**TASK OBJECTIVE**. Write the data out again exactly, with every picture removed.

----- DATASET SECTION -----

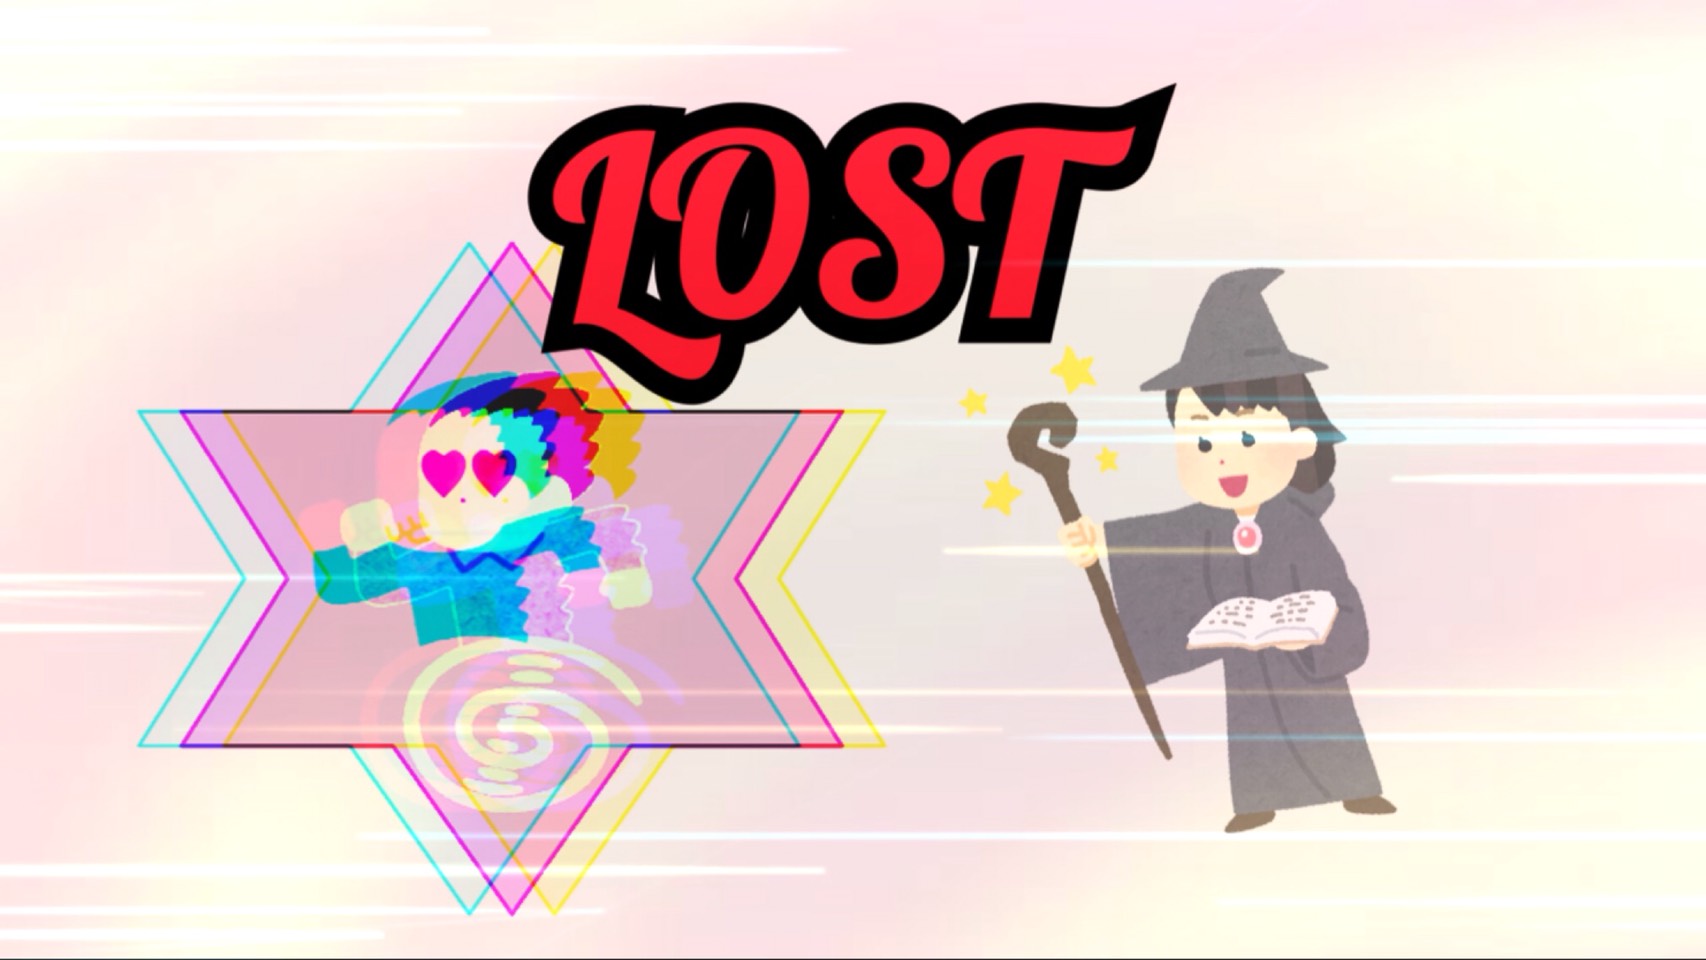 「LOST」のイメージ
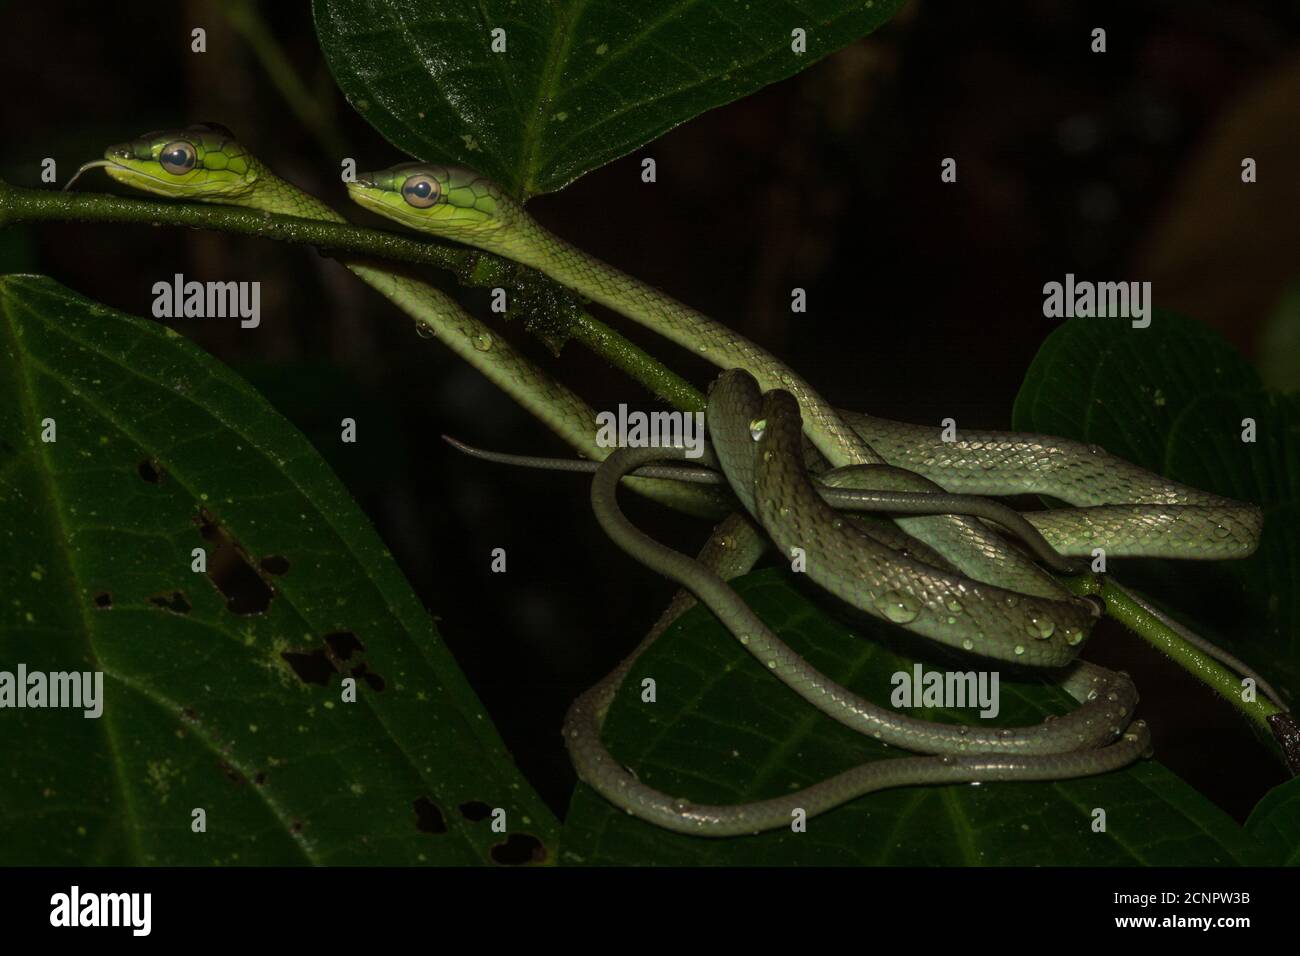 Les serpents de Cope (Oxybelis brevirostris) s'enroulent ensemble sur une branche d'arbre dans la forêt équatoriale équatorienne. Banque D'Images
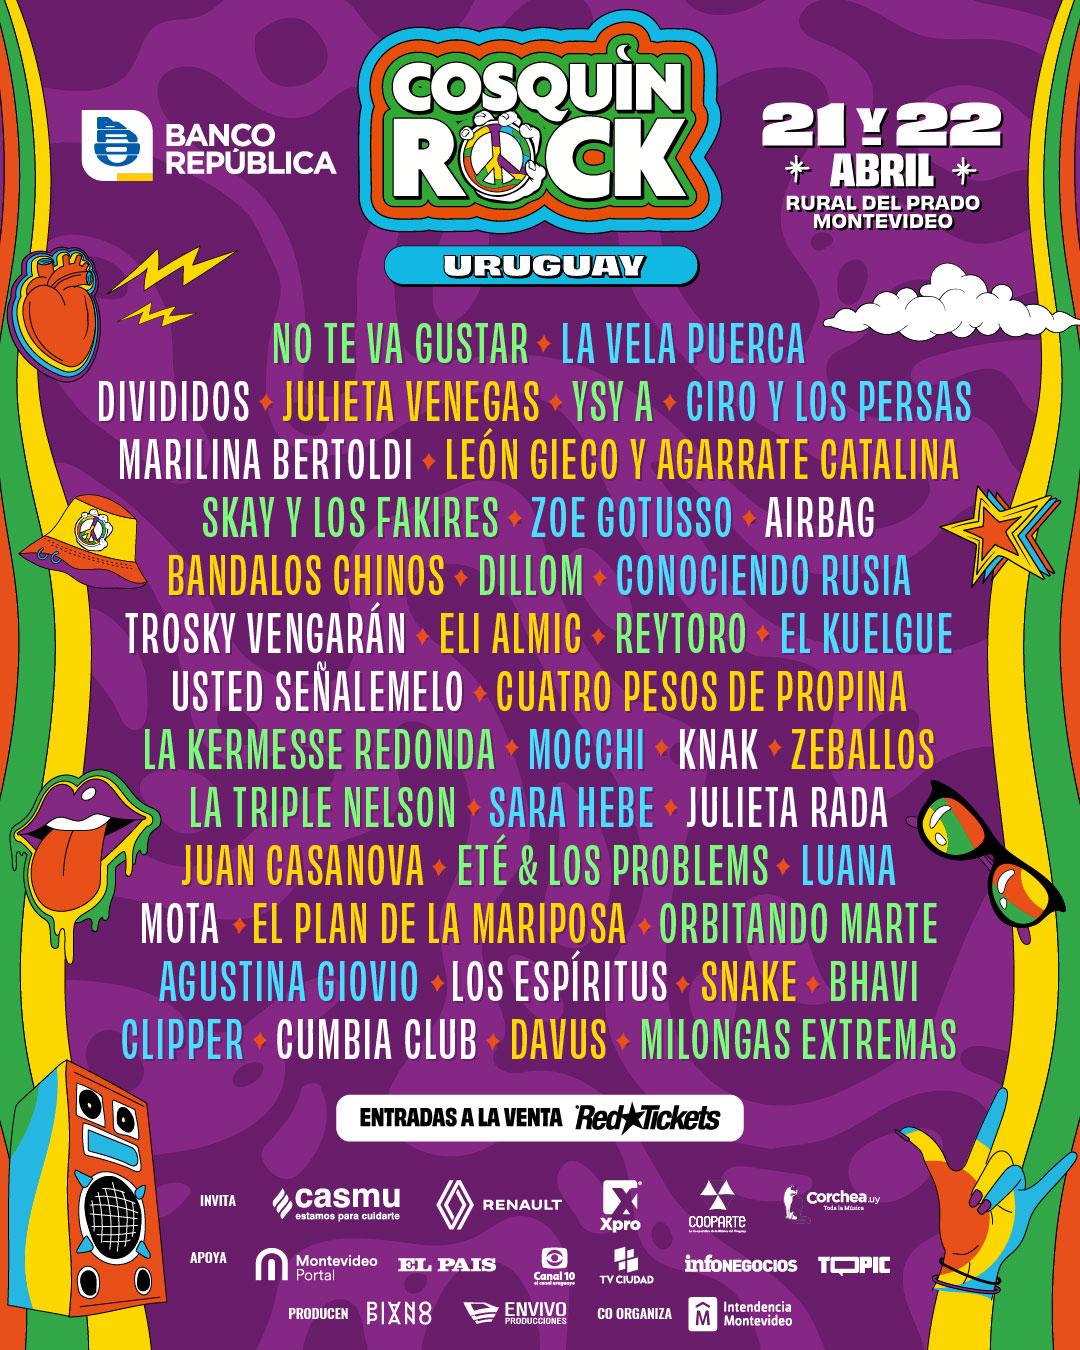 Conocé los precios de las entradas y la grilla que tendrá el Cosquín Rock Uruguay!
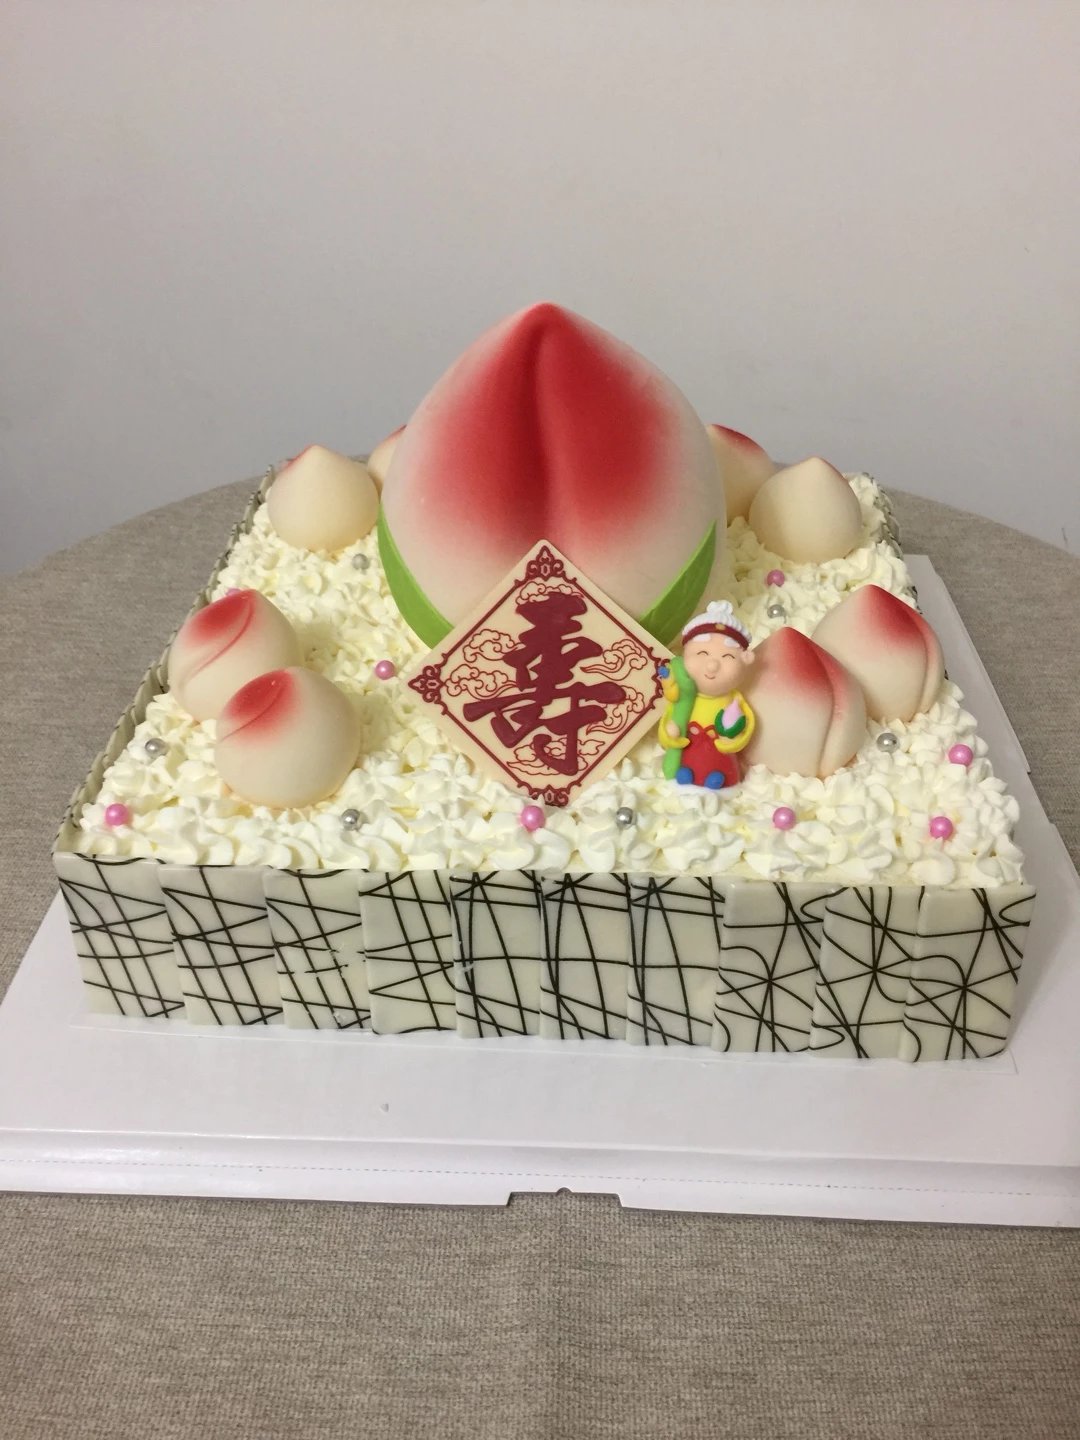 【预定】祝寿单层生日蛋糕三种口味蛋糕:原味水果蛋糕,黑巧奶油蛋糕

-----

**RESULT BELOW**.
 「LOST」のイメージ
 Les serpents de Cope (Oxybelis brevirostris) s'enroulent ensemble sur une branche d'arbre dans la forêt équatoriale équatorienne. Banque D'Images
 Conocé los precios de las entradas y la grilla que tendrá el Cosquín Rock Uruguay!
 【预定】祝寿单层生日蛋糕三种口味蛋糕:原味水果蛋糕,黑巧奶油蛋糕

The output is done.